Author: Lital Shimoni
Financial freedom does not depend on how much we earn but on how we manage our money. It is necessary to understand what our true desires are, to use market forces wisely and to let our money work for us – the change is completely in our hands.

Financial freedom does not depend on how much we earn but on how we manage our money. It is necessary to understand our true desires, use market forces wisely, and let our money work for us—the change is completely in our hands.

For several years now, we’ve stopped talking about our dreams—after all, who has time to dream?
When it comes to money, I rarely talk about it, I admit.
Every month, I find myself in a real battle for survival, working myself to exhaustion, yet for some unclear reason, I’m still living from one overdraft to the next.
Yes, most of the time, I bury these feelings, but eventually, at the same time each month, there’s the same old credit breakdown.

Let’s talk about economic freedom for a moment.
It’s a concept often linked to the promise of early retirement at 30. But before you start imagining yourself lying on a beach in Koh Phi Phi, let me clarify—this article isn’t about retiring early. In my opinion, early retirement is neither a solution nor a sufficient goal (hint: you’d be surprised how quickly you’d tire of lying on a beach all day). Instead, we’ll talk about financial freedom in terms of living debt-free, getting the most out of our money, reducing our dependence on it, and making it work for us rather than the other way around.

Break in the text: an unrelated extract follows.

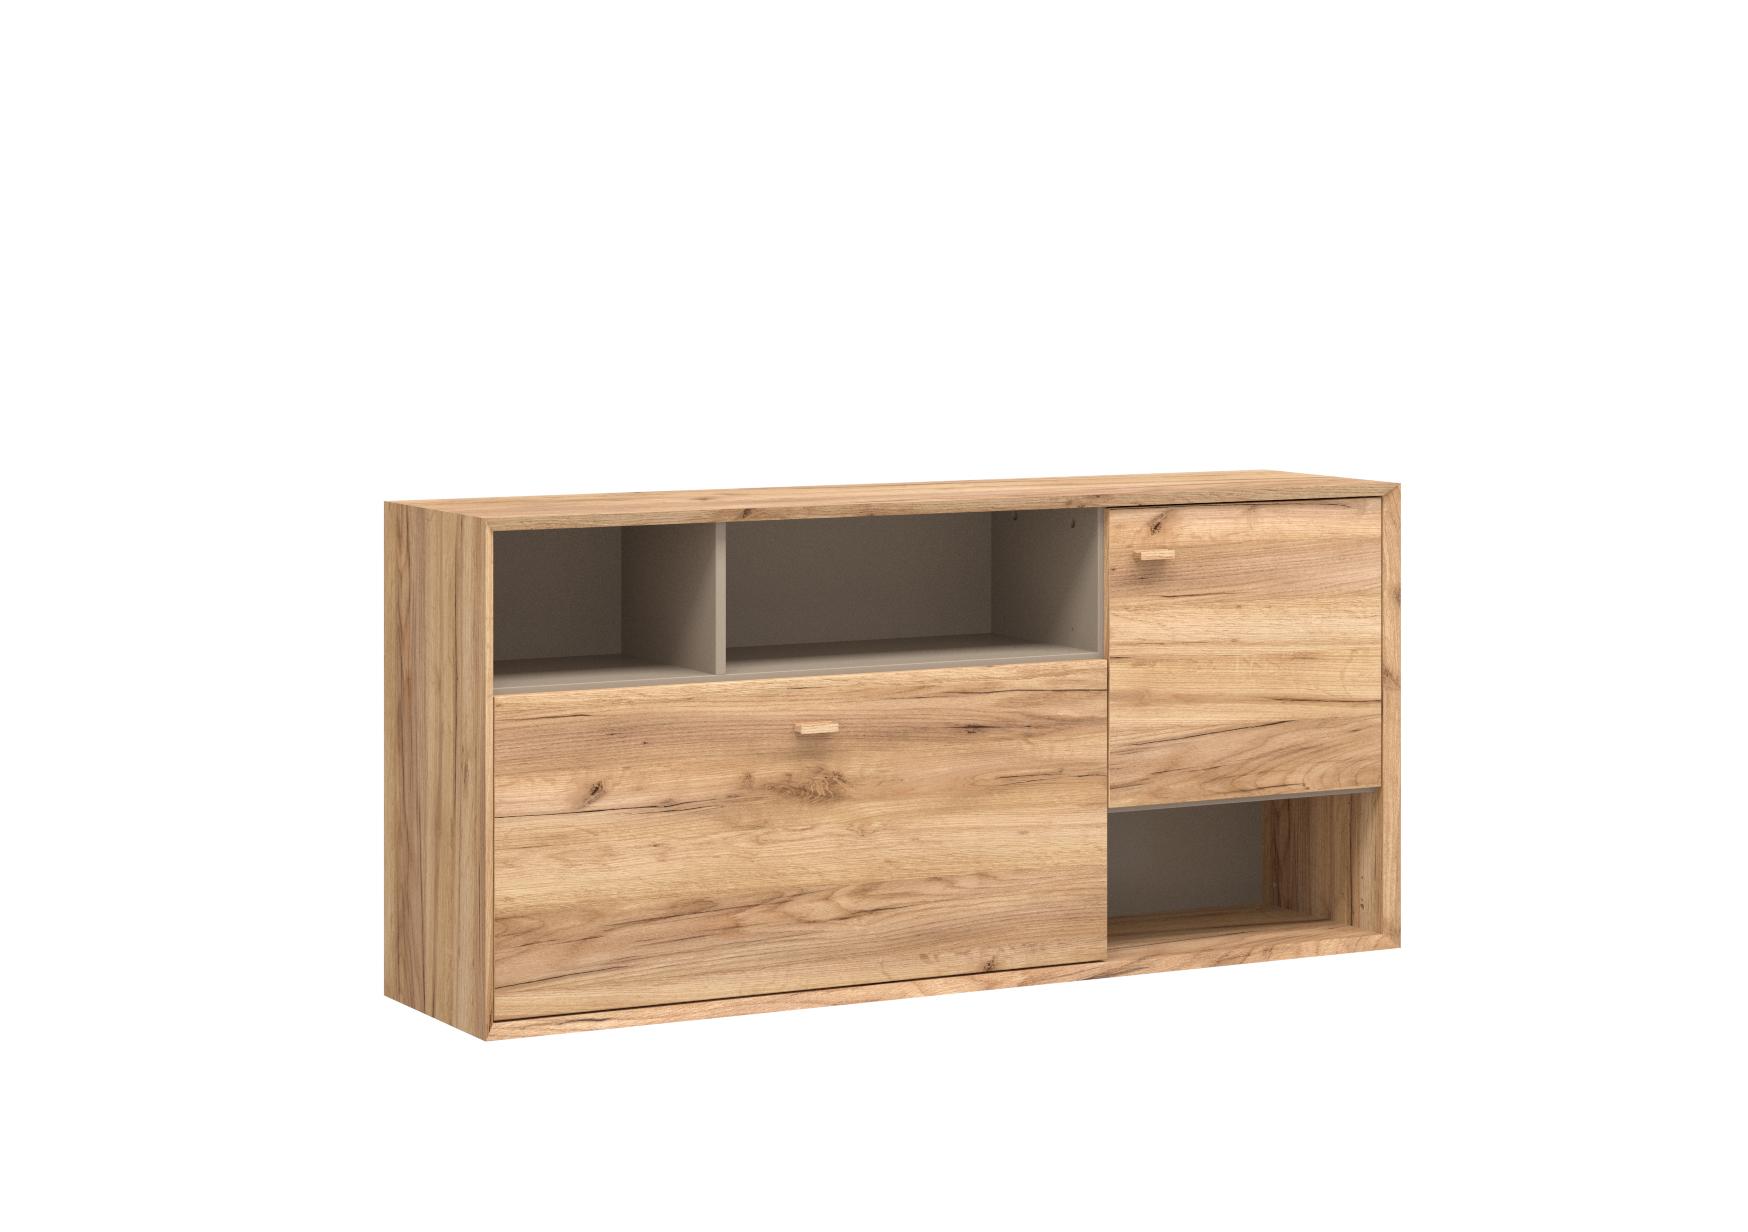 h ngeschrank f hr navarra eiche nb steingrau wandschrank schrank m bel wohnen schr nke. Black Bedroom Furniture Sets. Home Design Ideas

According to data from the Central Bureau of Statistics in 2019, 42% of households in Israel are in overdraft for at least one month a year. This is often due to a reluctance among family members to address financial issues, as such discussions make them feel uncomfortable. As a result, they postpone dealing with finances, which leads to a lack of control over expenses and disrupts their peace of mind.

What is economic freedom?

Financial freedom means choosing a more relaxed daily life. It’s about staying calm when you’re called into an unexpected conversation in your boss’s office, deciding who to work with (or avoid), giving your child an extra class, extending maternity leave, enjoying a romantic dinner once a week, or even deciding to fly to Paris next weekend.
Economic freedom means different things to different people. To summarize: it’s the ability to make decisions without being entirely controlled by money.

Economic minimalism

Financial independence has two sides—the income side and the expenses side. While many articles focus on increasing income, I’ve chosen to focus on expenses, a side that many of us tend to overlook.
Economic minimalism encourages us to rethink and deeply understand our needs and desires so we can maximize the potential of the money we already have.
After adopting a minimalist approach in my life, I achieved true financial freedom through a few simple steps. You don’t need to be a numbers expert to start implementing these steps. Here’s a brief explanation of some of them:

1. Eliminate debt

Debt is not a good thing—period. That’s why eliminating it should be your first priority (excluding mortgage or leverage-based debt for now). Living with debt creates constant stress, keeps us financially and mentally stuck, and, worse, causes us to sink deeper into financial trouble due to compound interest. Debt prevents us from taking risks, making sound decisions, fulfilling our dreams, and living freely.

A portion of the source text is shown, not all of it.